Effective Solution Construction
The probabilistic clustering guided by learned pairwise q-values enables the construction of diverse solutions that are refined through inter-route moves.
Scalability and Generalizability
RL-CMSA demonstrates significant scalability and generalizability to other problem domains, making it a promising approach for optimizing complex logistics and supply chain management problems.
Demerits
Limited Scalability
Further research is needed to explore the scalability of RL-CMSA to larger problem instances and more complex problem domains.

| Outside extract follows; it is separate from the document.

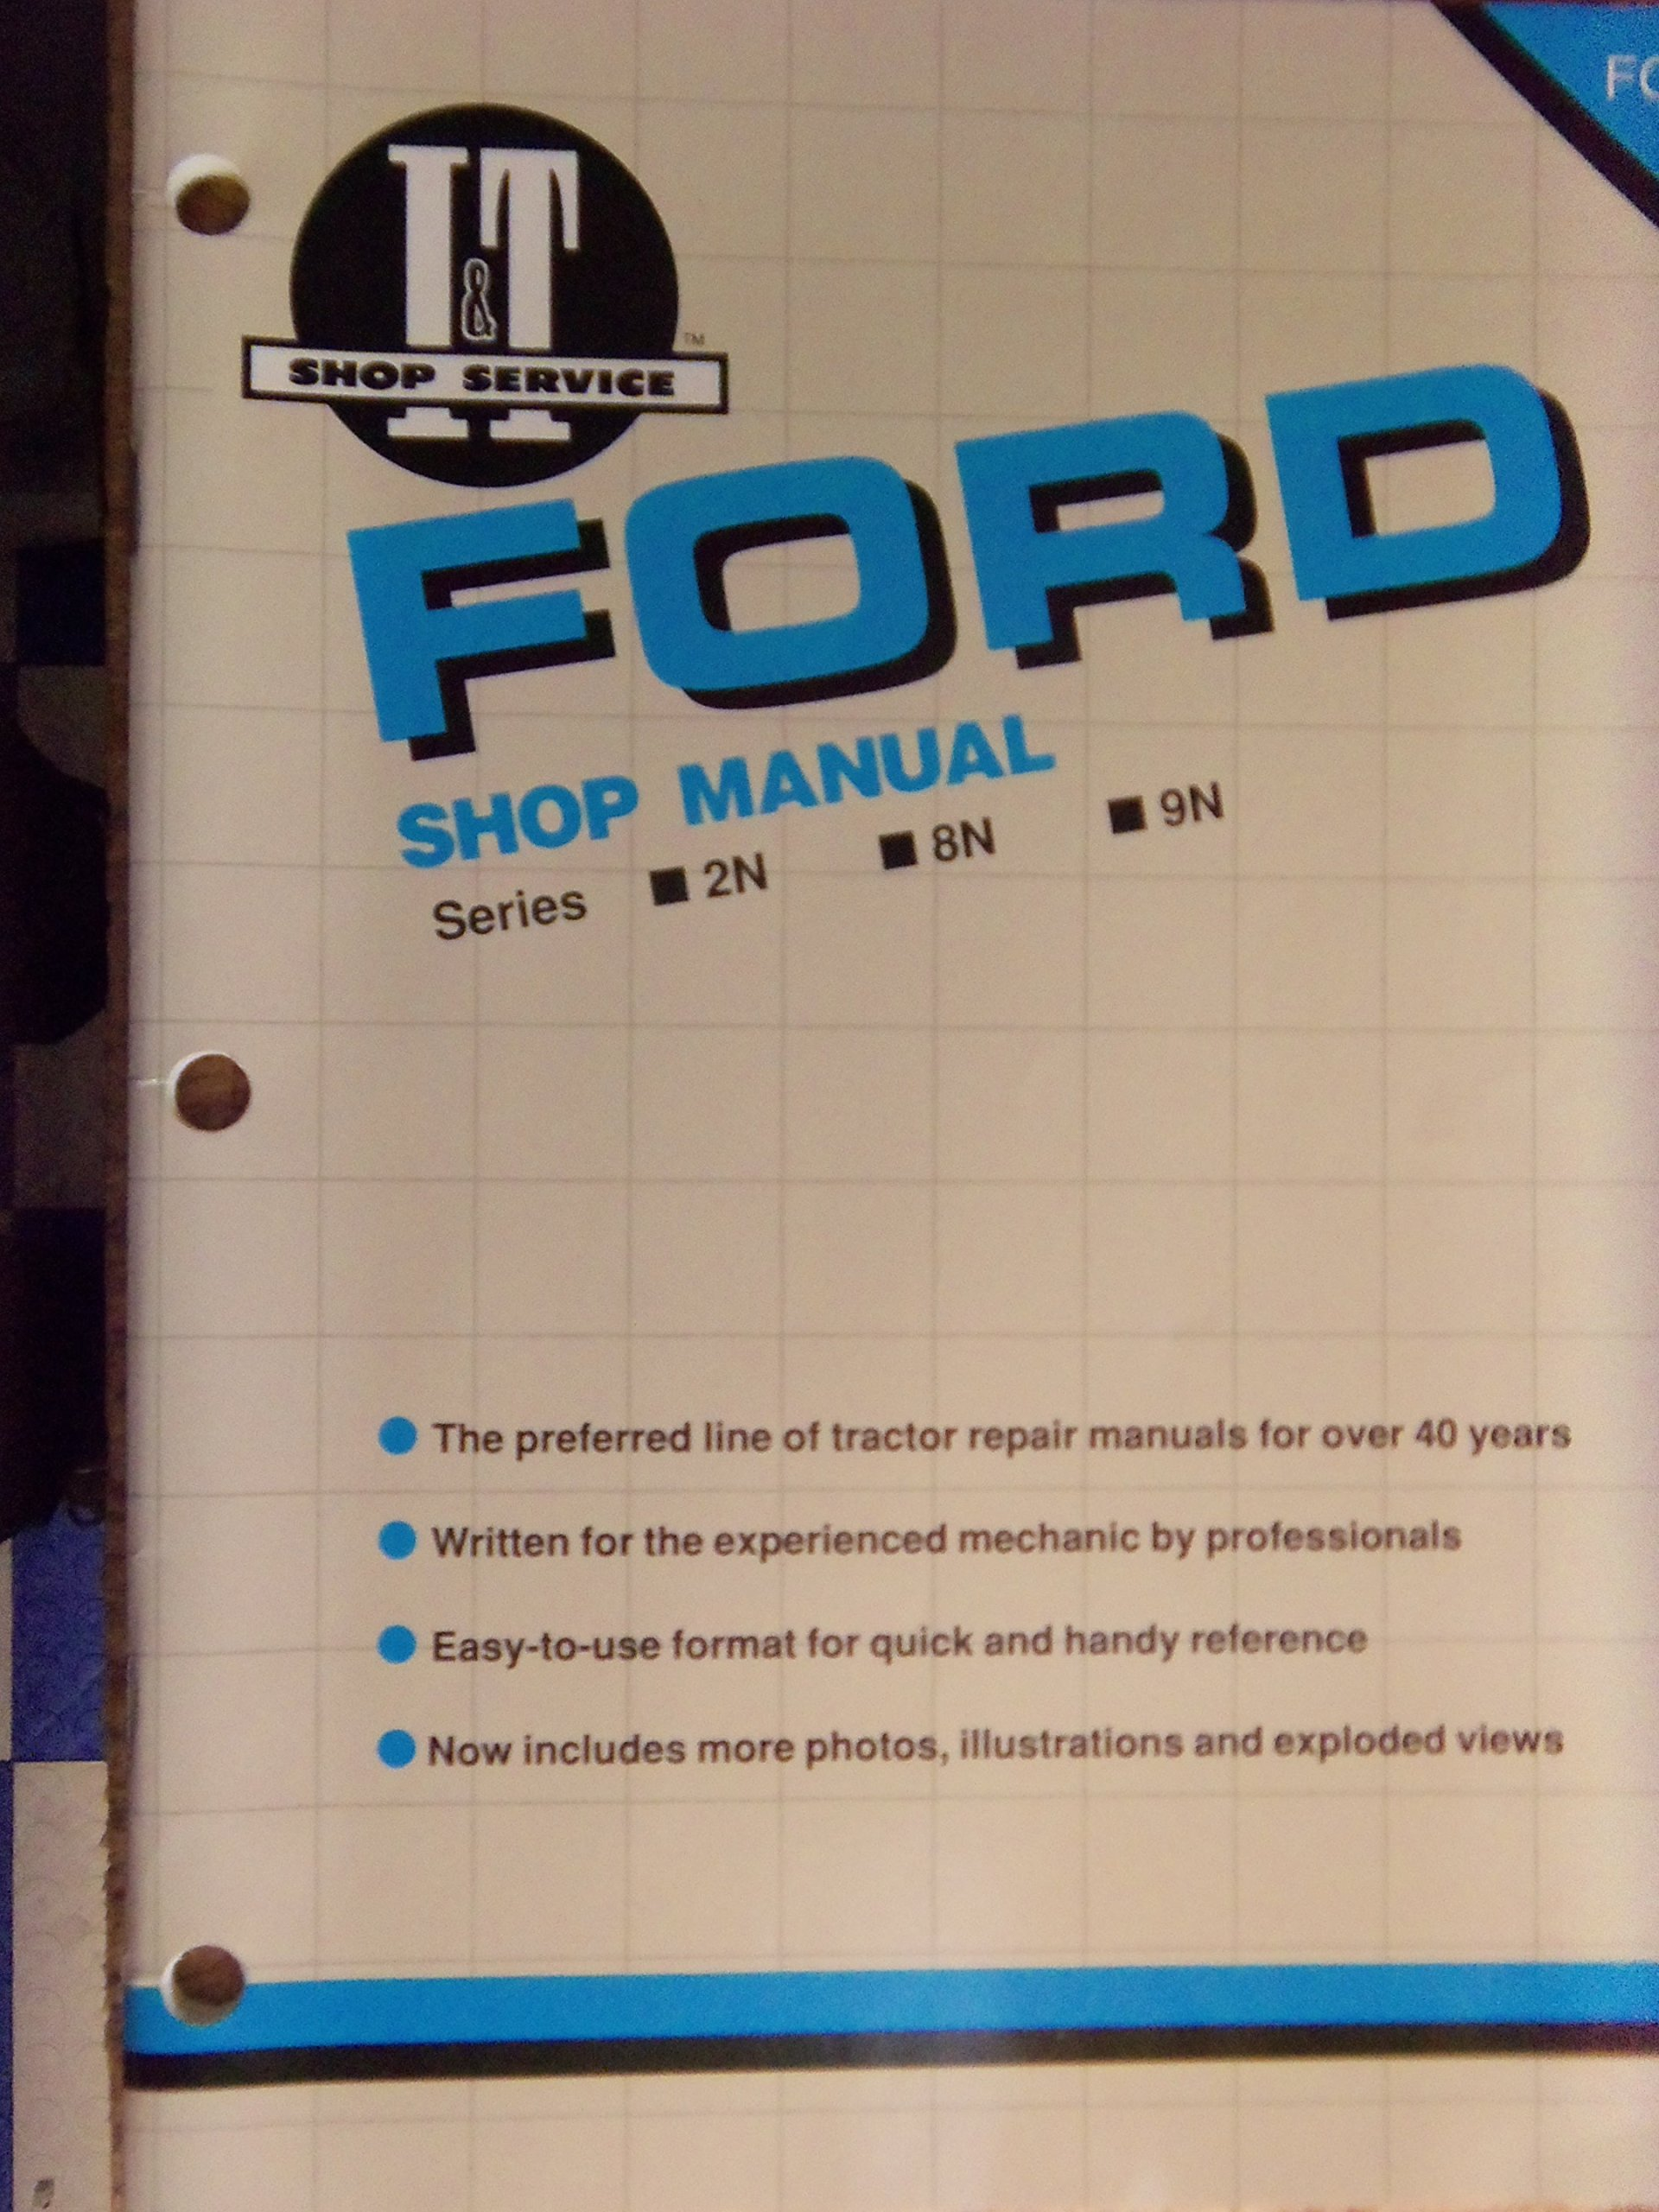 Ford New Holland: I&T Shop Manual Series 2N, 8N, 9N: 9780872886070:  Amazon.com: Books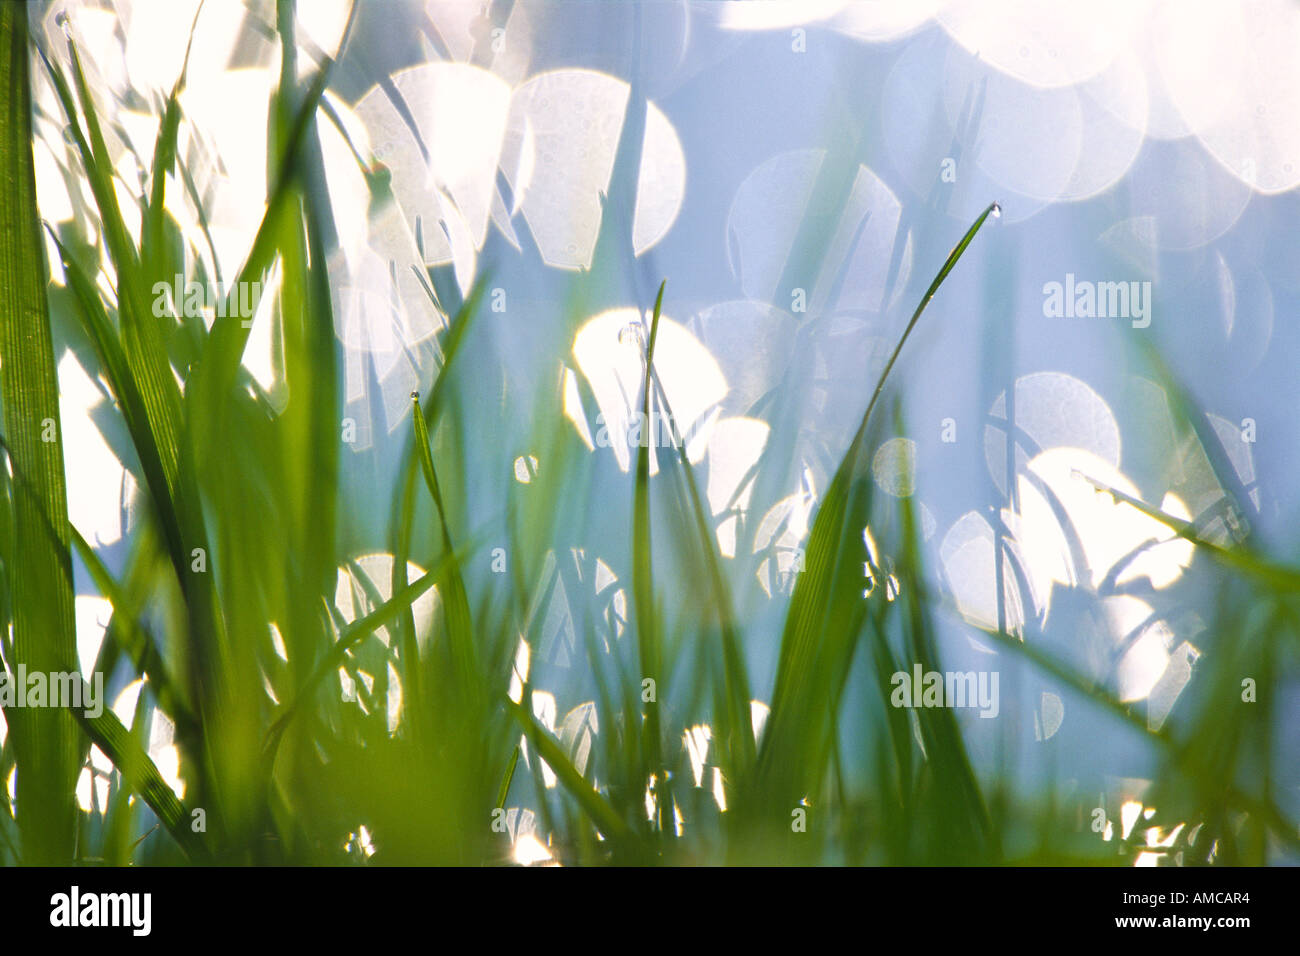 Grass Banque D'Images

Dependence on Reinforcement Learning
The performance of RL-CMSA relies heavily on the effectiveness of the reinforcement learning component, which may require significant computational resources and expertise.
Expert Commentary
The article makes a significant contribution to the field of optimization, proposing a novel hybrid approach that combines exact optimization with reinforcement learning. The results demonstrate the effectiveness of RL-CMSA in finding high-quality solutions, outperforming a state-of-the-art hybrid genetic algorithm. While further research is needed to explore the scalability and generalizability of RL-CMSA, the approach has significant implications for optimizing complex logistics and supply chain management problems. The use of reinforcement learning enables RL-CMSA to balance exploration and exploitation, leading to high-quality solutions. The probabilistic clustering guided by learned pairwise q-values enables the construction of diverse solutions that are refined through inter-route moves.
Recommendations
- ✓ Further research should be conducted to explore the scalability of RL-CMSA to larger problem instances and more complex problem domains.
- ✓ Experts in the field of optimization and logistics should consider applying RL-CMSA to optimize complex logistics and supply chain management problems.